Speech Resource Pools

This document explains how the speech resource pooling system works, how to configure it, and how to troubleshoot common issues.

Overview

The resource pool system manages Azure Speech SDK client instances (TTS and STT) to optimize latency and resource usage. Instead of creating new clients for every request (which incurs ~200ms cold-start latency), the pool pre-warms and reuses clients.

Key Benefits

  • Reduced latency: Pre-warmed clients avoid cold-start delays
  • Session isolation: Per-session caching prevents cross-call interference
  • Resource efficiency: Controlled pool sizes prevent resource exhaustion
  • Automatic cleanup: Stale sessions and unused resources are cleaned up

Architecture

flowchart TB subgraph Pool["WarmableResourcePool"] subgraph Tiers["Allocation Tiers"] direction LR SC["📦 Session Cache
(DEDICATED)

session_id → resource
0ms lookup"] WQ["🔥 Warm Queue
(WARM)

Pre-created resources
<50ms pull"] FC["❄️ Factory
(COLD)

async factory() + warm_fn()
~200ms create"] end ACQ["acquire_for_session()
Priority: DEDICATED → WARM → COLD"] SC --> ACQ WQ --> ACQ FC --> ACQ subgraph BG["Background Warmup Task"] BGT["• Refills warm queue periodically
• Cleans up stale sessions (>30min inactive)"] end end style SC fill:#2ecc71,stroke:#27ae60,color:#fff style WQ fill:#f39c12,stroke:#e67e22,color:#fff style FC fill:#3498db,stroke:#2980b9,color:#fff style ACQ fill:#9b59b6,stroke:#8e44ad,color:#fff

Allocation Tiers

Tier Source Latency Use Case
DEDICATED Session cache 0ms Same session requesting again
WARM Pre-warmed queue <50ms First request with warmed pool
COLD Factory creation ~200ms Pool empty, on-demand creation

Pool Types

WarmableResourcePool

The primary pool implementation with full features:

from src.pools import WarmableResourcePool, AllocationTier

pool = WarmableResourcePool(
    factory=create_tts_client,           # Async factory function
    name="tts_pool",                      # Pool name for logging
    warm_pool_size=3,                     # Pre-warm 3 clients (0 = disabled)
    enable_background_warmup=True,        # Keep pool filled
    warmup_interval_sec=30.0,             # Check every 30s
    session_awareness=True,               # Enable session caching
    session_max_age_sec=1800.0,           # Cleanup after 30min inactive
    warm_fn=warmup_voice,                 # Optional: warm voice after creation
)

await pool.prepare()  # Initialize and pre-warm

OnDemandResourcePool

Lightweight alternative when pooling overhead isn't needed:

from src.pools import OnDemandResourcePool

pool = OnDemandResourcePool(
    factory=create_tts_client,
    name="tts_pool",
    session_awareness=True,
)

Configuration

Environment Variables

Variable Default Description
SPEECH_POOL_WARM_SIZE 0 Number of pre-warmed clients
SPEECH_POOL_SESSION_AWARENESS true Enable per-session caching
SPEECH_POOL_WARMUP_INTERVAL 30 Background refill interval (seconds)
SPEECH_POOL_SESSION_MAX_AGE 1800 Session timeout (seconds)

Initialization Example

# apps/artagent/backend/main.py

from src.pools import WarmableResourcePool
from src.speech import SpeechSynthesizer, StreamingSpeechRecognizerFromBytes

async def create_tts_pool() -> WarmableResourcePool:
    """Create TTS pool with pre-warming."""
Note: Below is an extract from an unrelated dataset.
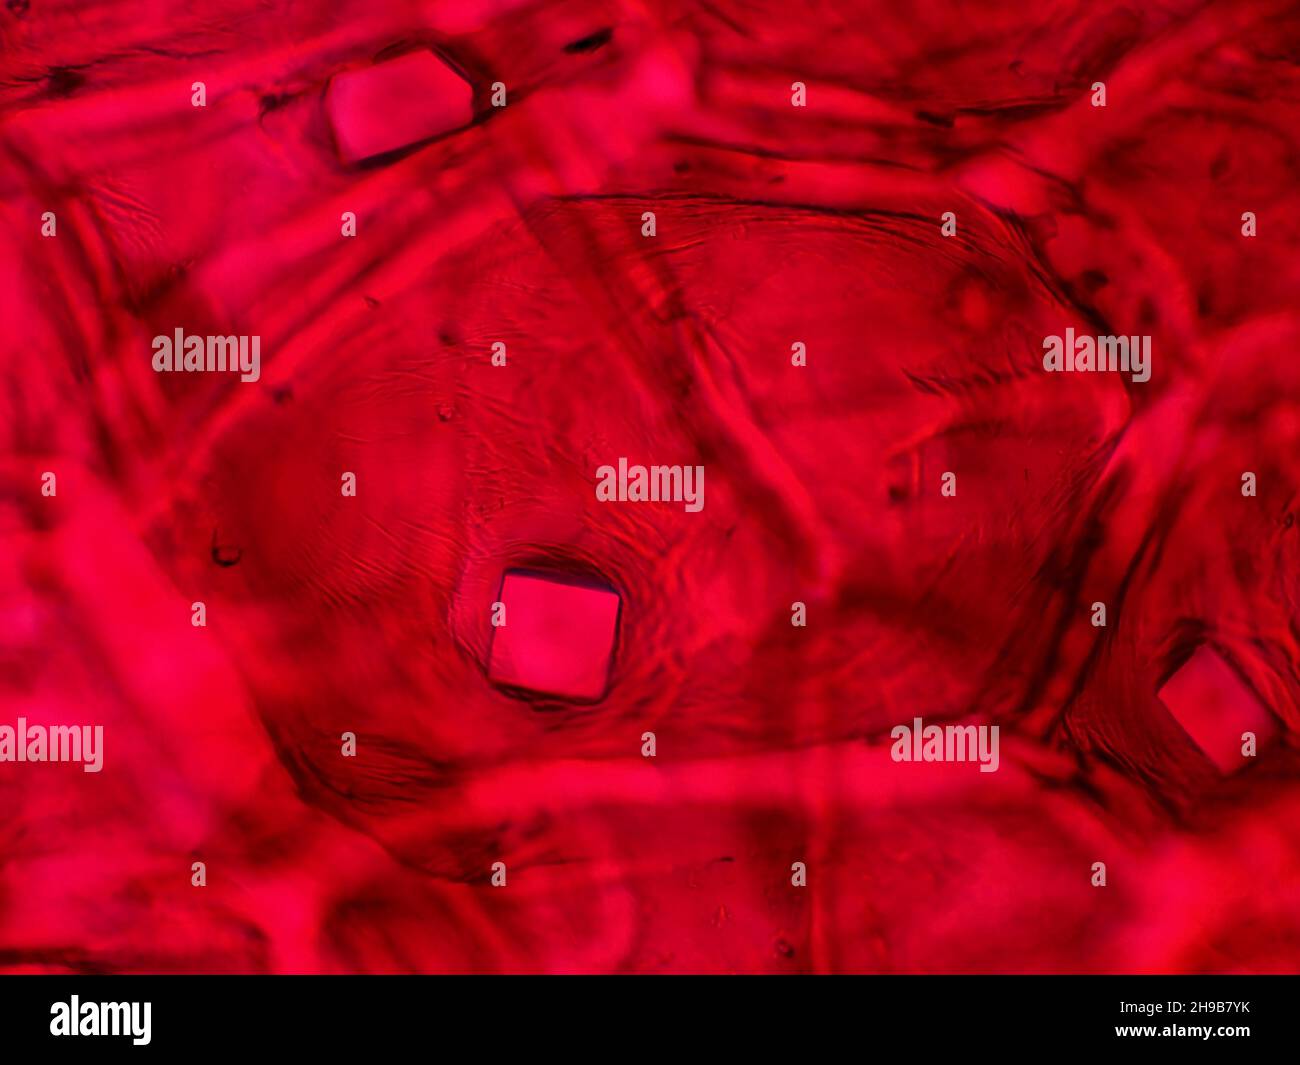 Red onion skin with oxalate crystals under the microscope, horizontal field of view is about 0.24mm Stock Photo
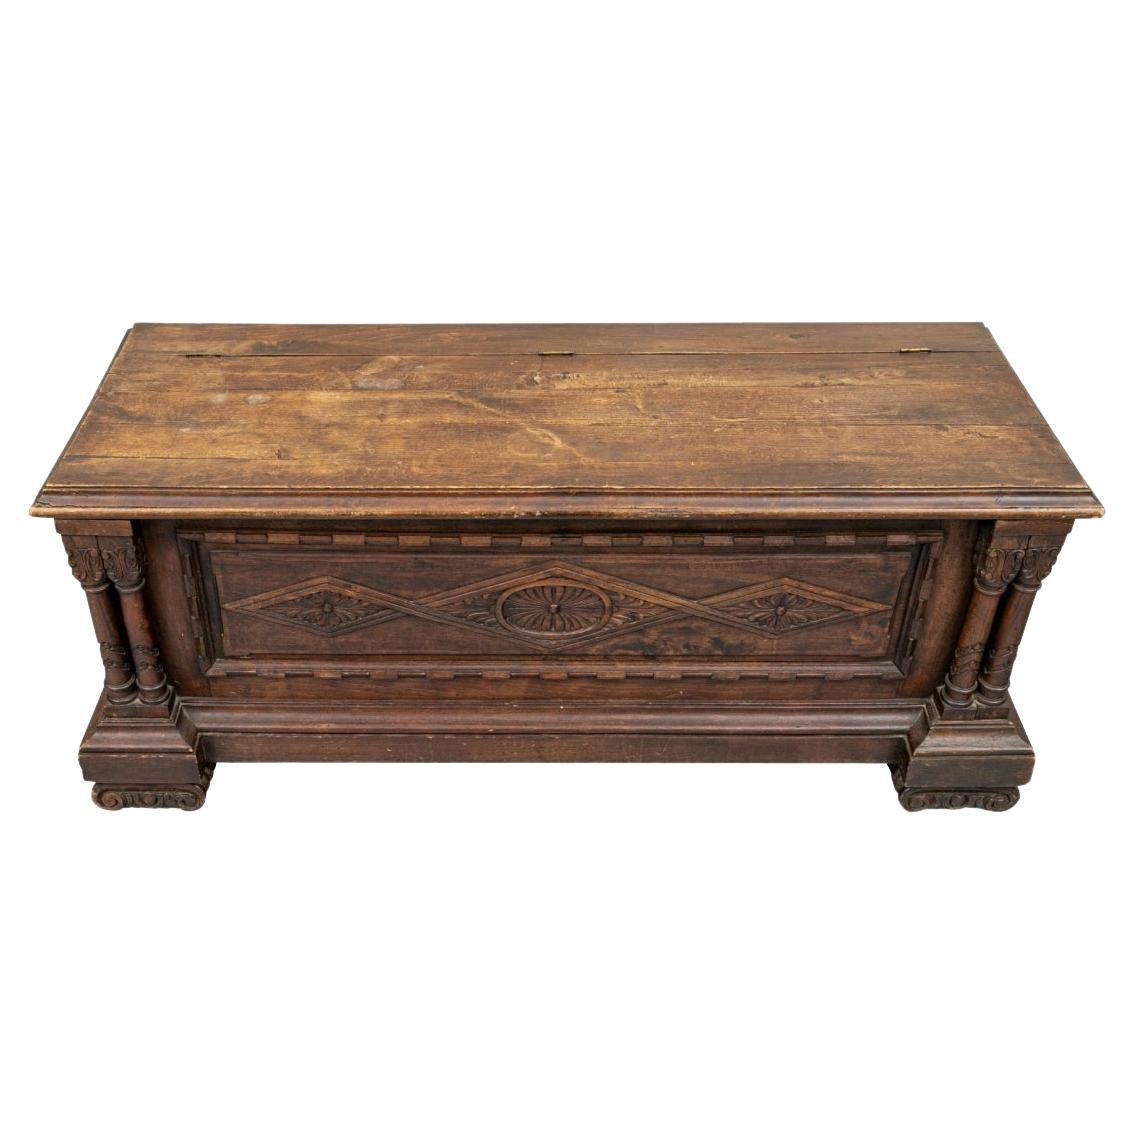 Antique Rustic Carved Wood Chest as Cocktail Table

    async def tts_factory():
        return SpeechSynthesizer(
            speech_key=os.getenv("AZURE_SPEECH_KEY"),
            speech_region=os.getenv("AZURE_SPEECH_REGION"),
        )

    async def warm_voice(synth: SpeechSynthesizer) -> bool:
        """Pre-warm default voice to reduce first-synthesis latency."""
        try:
            synth.synthesize_to_pcm(
                text="warmup",
                voice="en-US-JennyNeural",
                sample_rate=24000,
            )
            return True
        except Exception:
            return False

    pool = WarmableResourcePool(
        factory=tts_factory,
        name="tts_pool",
        warm_pool_size=int(os.getenv("SPEECH_POOL_WARM_SIZE", "3")),
        enable_background_warmup=True,
        session_awareness=True,
        warm_fn=warm_voice,
    )
    await pool.prepare()
    return pool

Usage Patterns

Acquiring Resources

# For session-aware acquisition (recommended)
synth, tier = await pool.acquire_for_session(session_id)
# tier indicates: AllocationTier.DEDICATED, WARM, or COLD

# For anonymous acquisition (no session tracking)
synth = await pool.acquire(timeout=2.0)

Releasing Resources

# Release session resource (clears state, removes from cache)
await pool.release_for_session(session_id, synth)

# Release anonymous resource (returns to warm pool if space)
await pool.release(synth)

Temporary Resource Pattern

When you need a one-off resource that shouldn't be cached:

temp_synth = None
try:
    temp_synth = await pool.acquire(timeout=2.0)
    # Use temp_synth...
finally:
    if temp_synth:
        # Pass None as session_id to clear state without cache lookup
        await pool.release_for_session(None, temp_synth)

Session Isolation

The Problem

Speech clients accumulate session-specific state: - call_connection_id - Correlation ID for tracing - _session_span - OpenTelemetry span for the session - _prepared_voices - Cached voice warmup state (TTS)

Without cleanup, this state leaks to the next session using the same client.

The Solution

Speech clients implement clear_session_state():

# src/speech/text_to_speech.py
def clear_session_state(self) -> None:
    """Clear session-specific state for safe pool recycling."""
    self.call_connection_id = None

    if self._session_span:
        try:
            self._session_span.end()
        except Exception:
            pass
        self._session_span = None

    if hasattr(self, "_prepared_voices"):
        delattr(self, "_prepared_voices")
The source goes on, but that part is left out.